## [DATA PROVIDED]
########################################
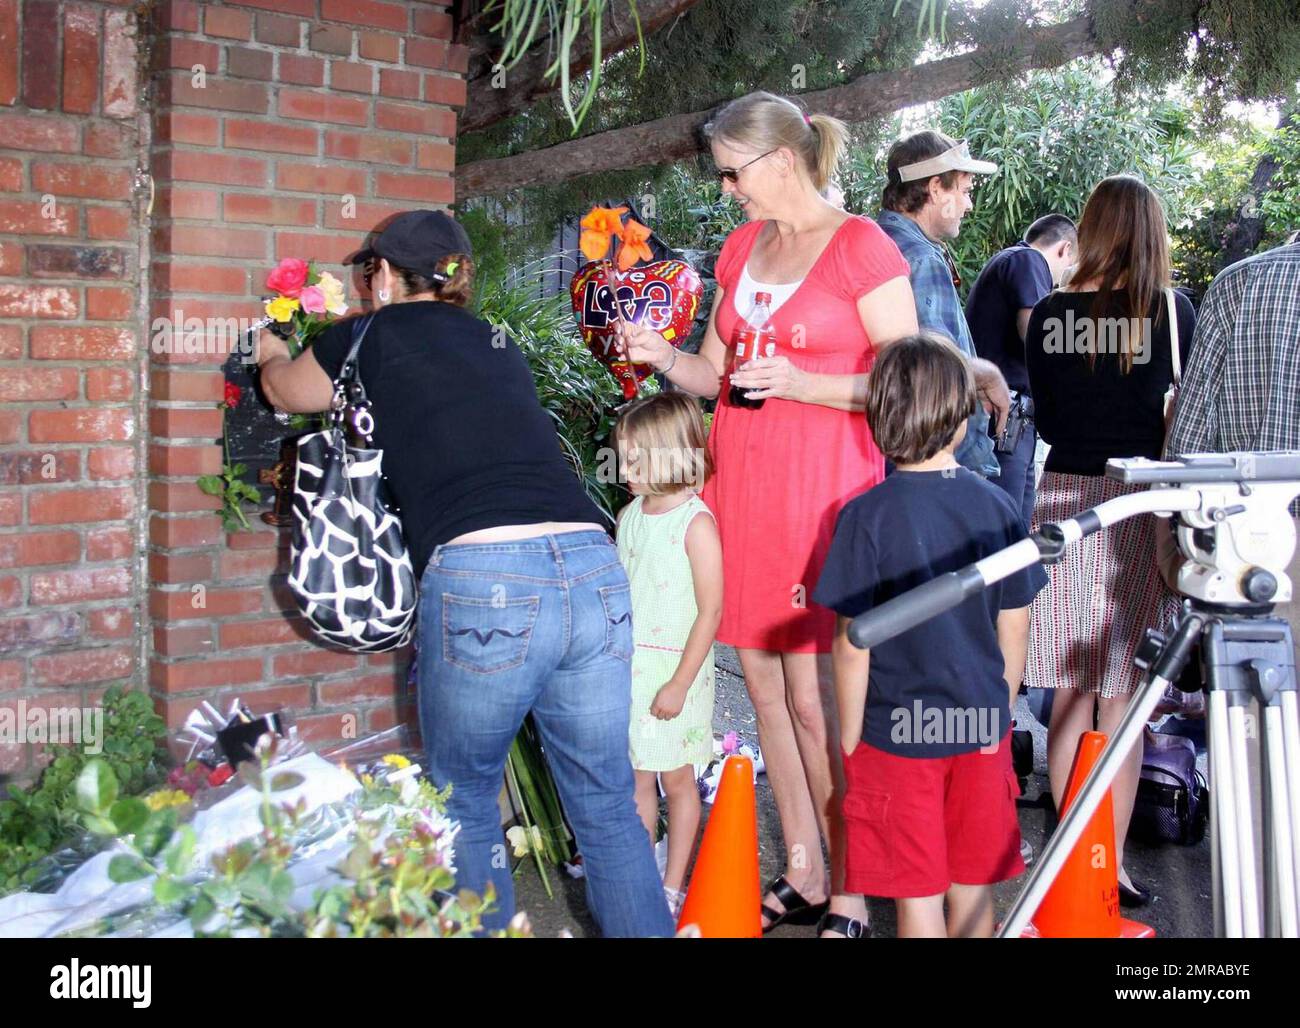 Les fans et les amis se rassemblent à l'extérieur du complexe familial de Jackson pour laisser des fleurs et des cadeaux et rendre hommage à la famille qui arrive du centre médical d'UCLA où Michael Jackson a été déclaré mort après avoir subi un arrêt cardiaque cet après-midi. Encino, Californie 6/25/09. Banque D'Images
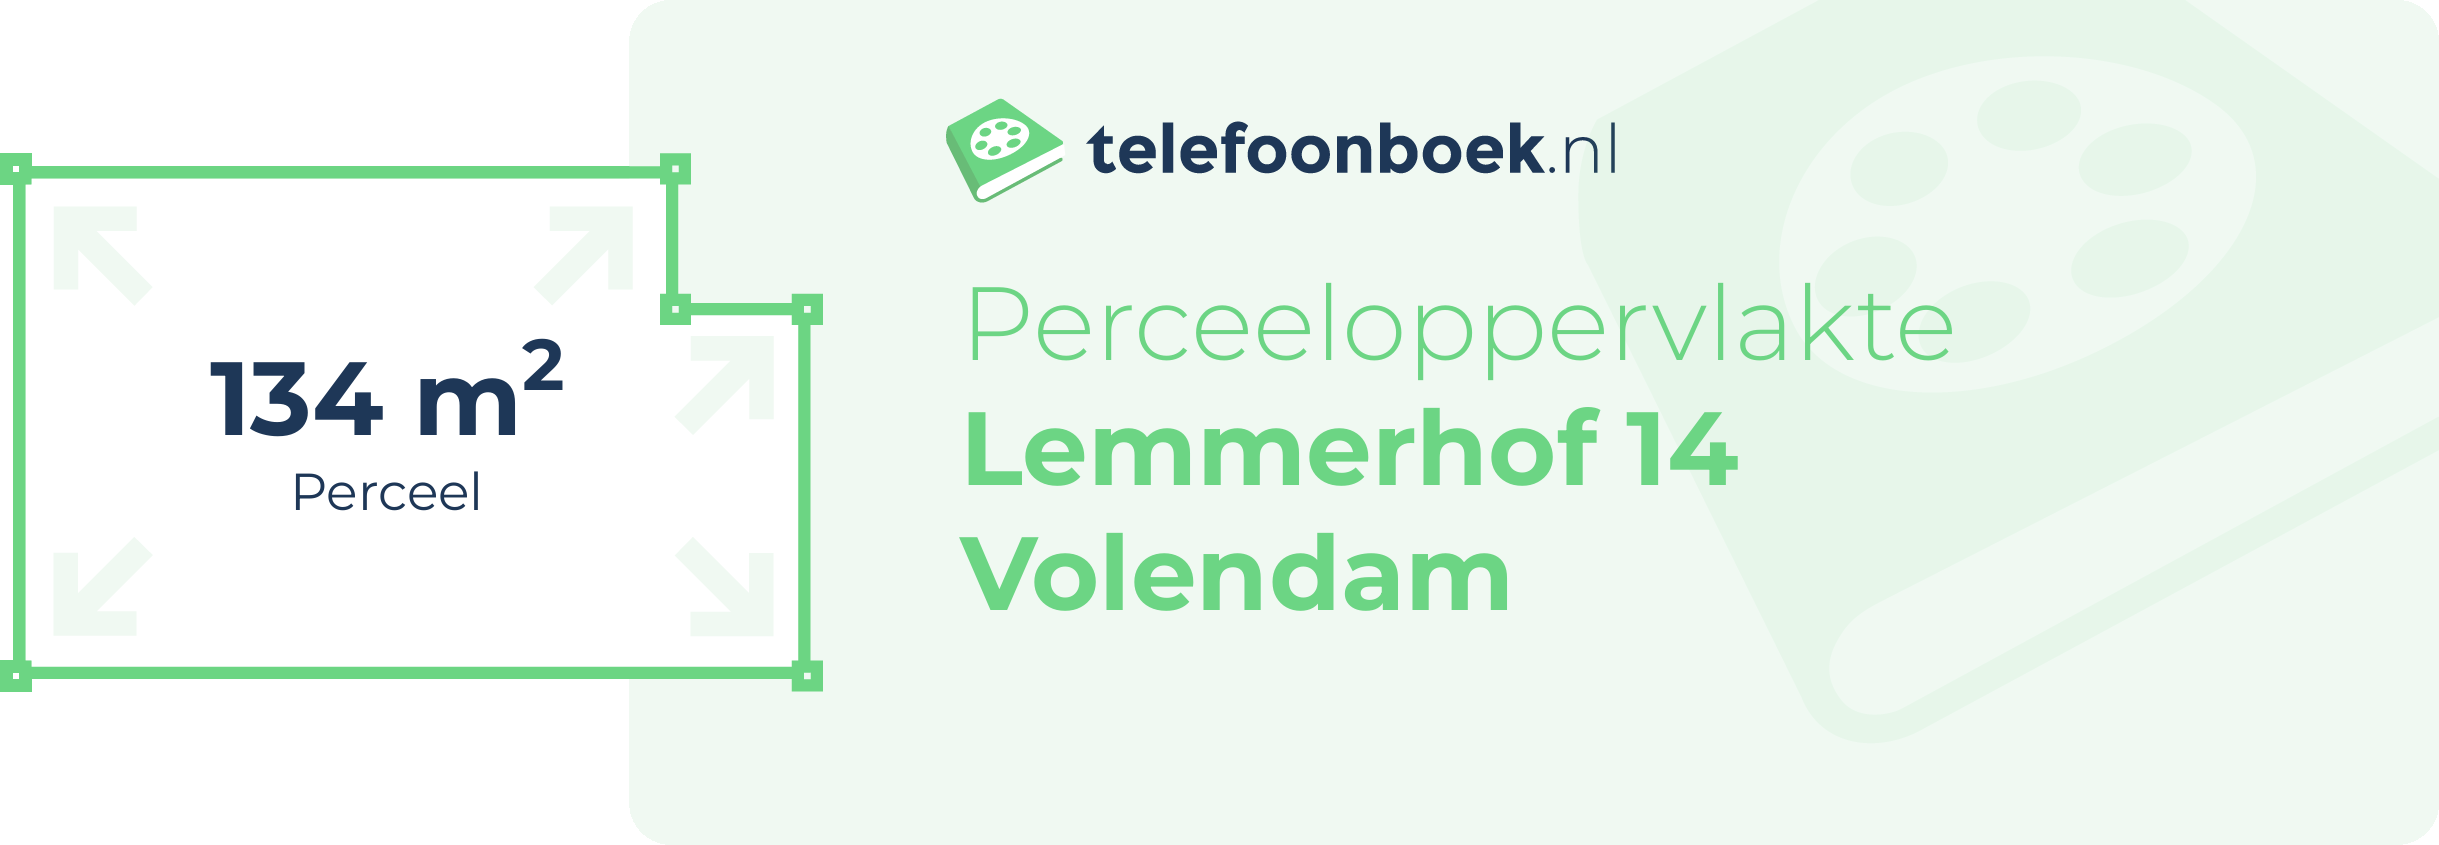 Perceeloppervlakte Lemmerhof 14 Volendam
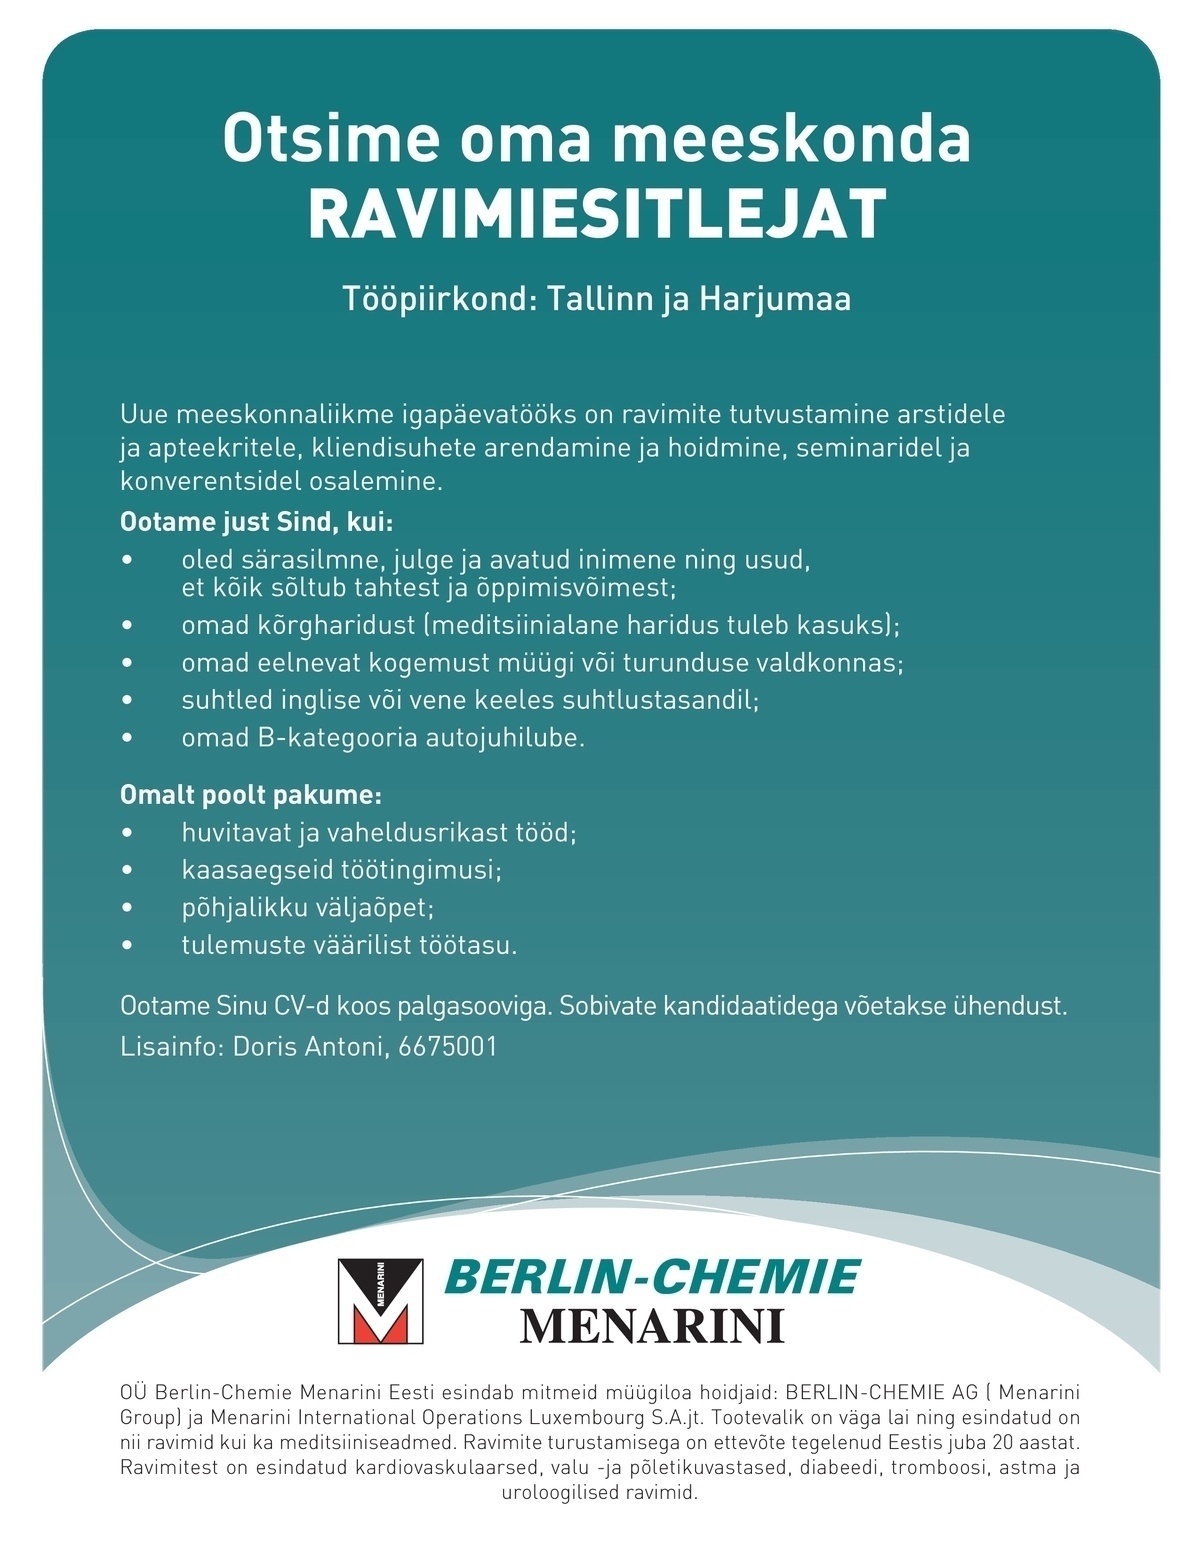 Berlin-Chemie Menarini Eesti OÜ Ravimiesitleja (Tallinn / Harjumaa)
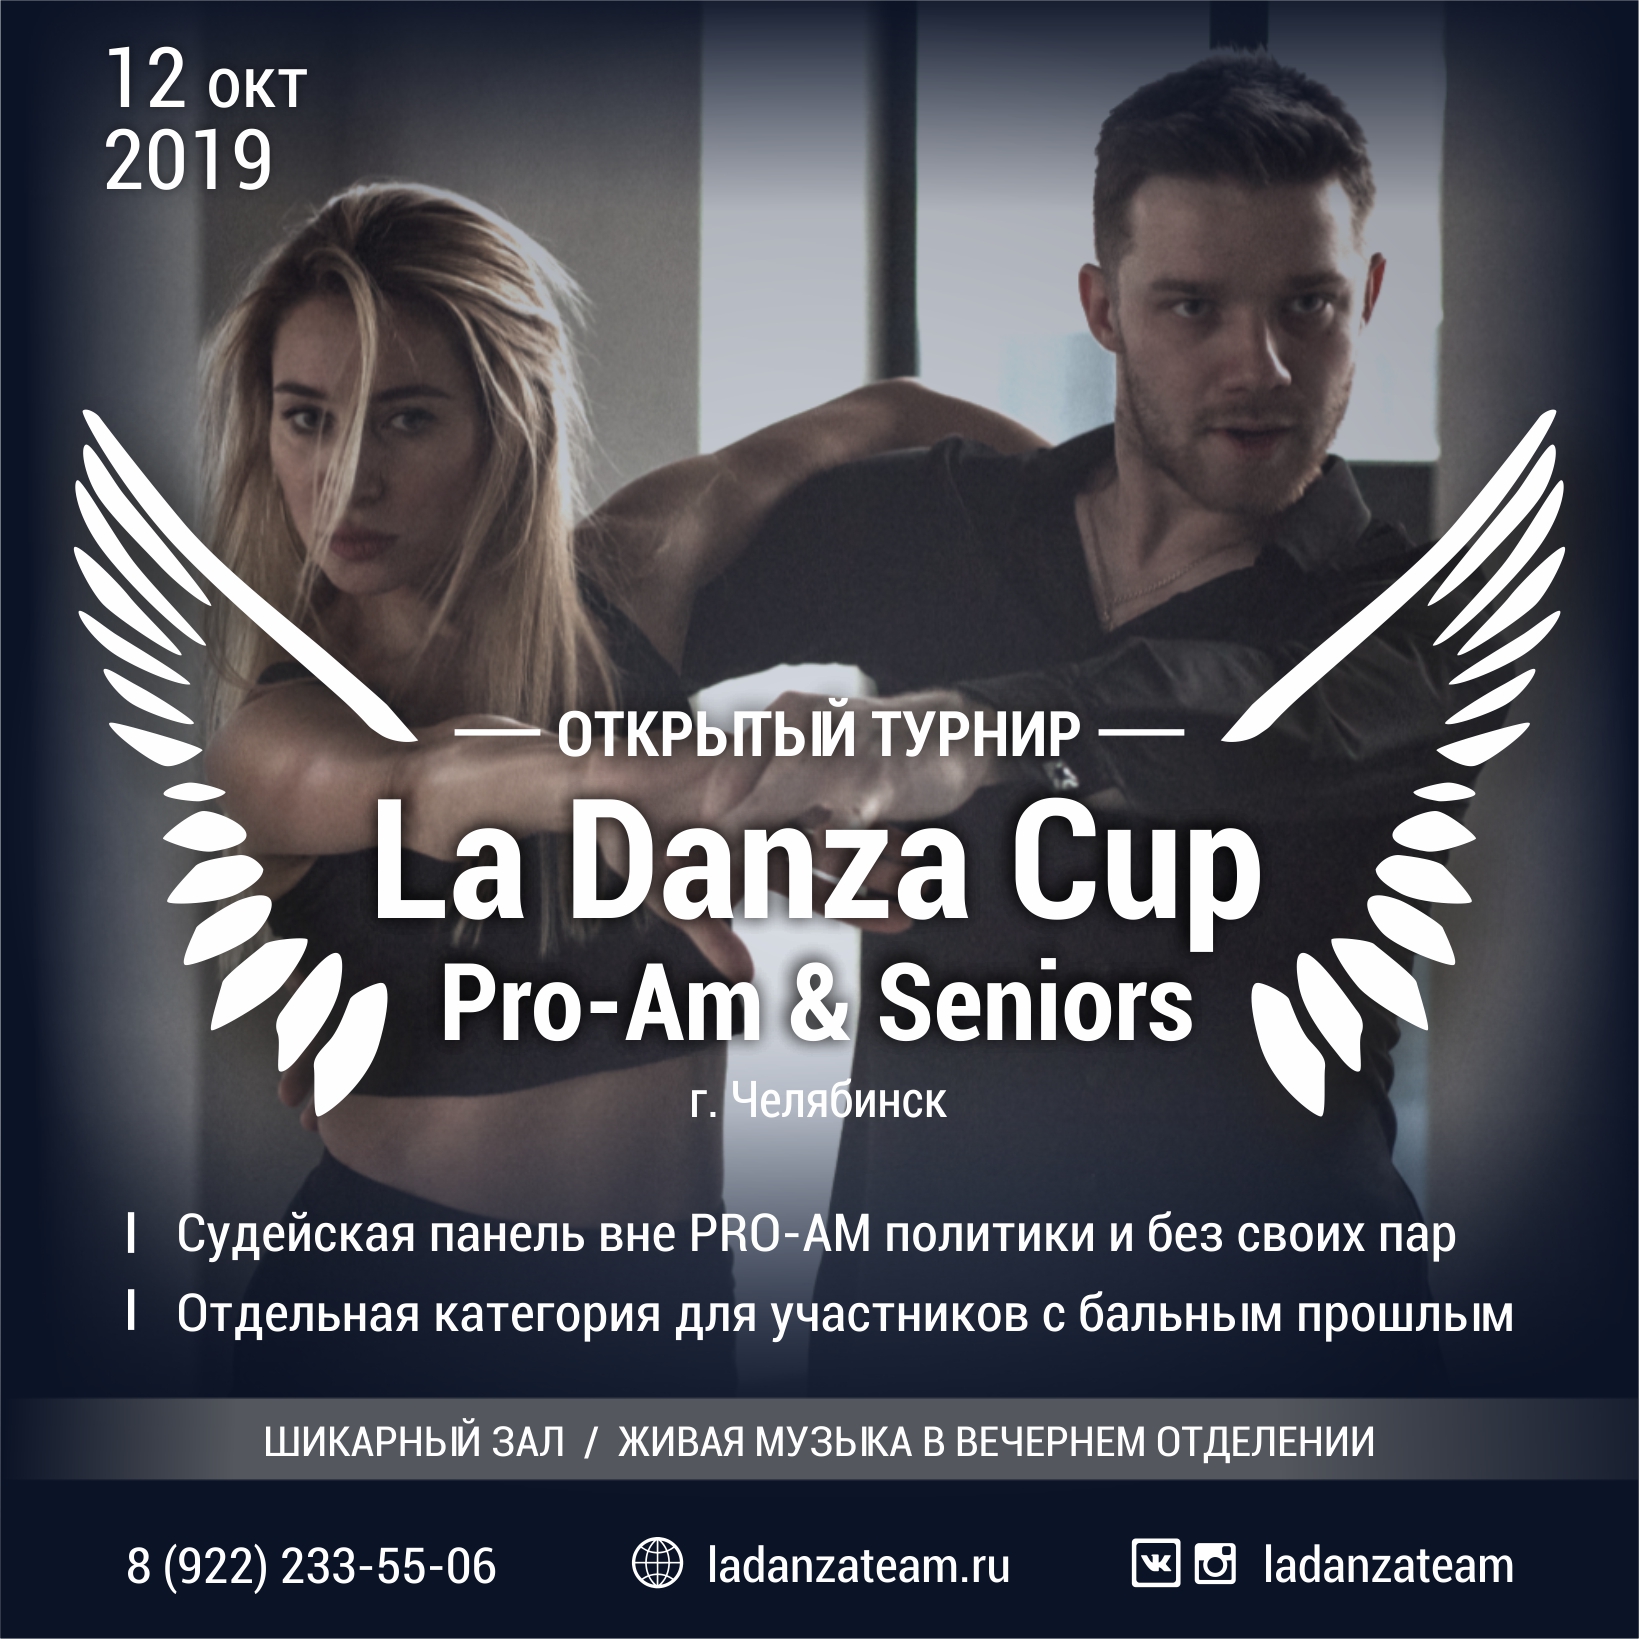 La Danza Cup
########################################
## [WHAT THIS TASK INVOLVES]
Print the listing verbatim; no pictures.

## [WRITTEN ANSWER]
 Les fans et les amis se rassemblent à l'extérieur du complexe familial de Jackson pour laisser des fleurs et des cadeaux et rendre hommage à la famille qui arrive du centre médical d'UCLA où Michael Jackson a été déclaré mort après avoir subi un arrêt cardiaque cet après-midi. Encino, Californie 6/25/09. Banque D'Images
 Perceeloppervlakte Lemmerhof 14 Volendam
 Berlin-Chemie Menarini Eesti OÜ Ravimiesitleja (Tallinn / Harjumaa)
 La Danza Cup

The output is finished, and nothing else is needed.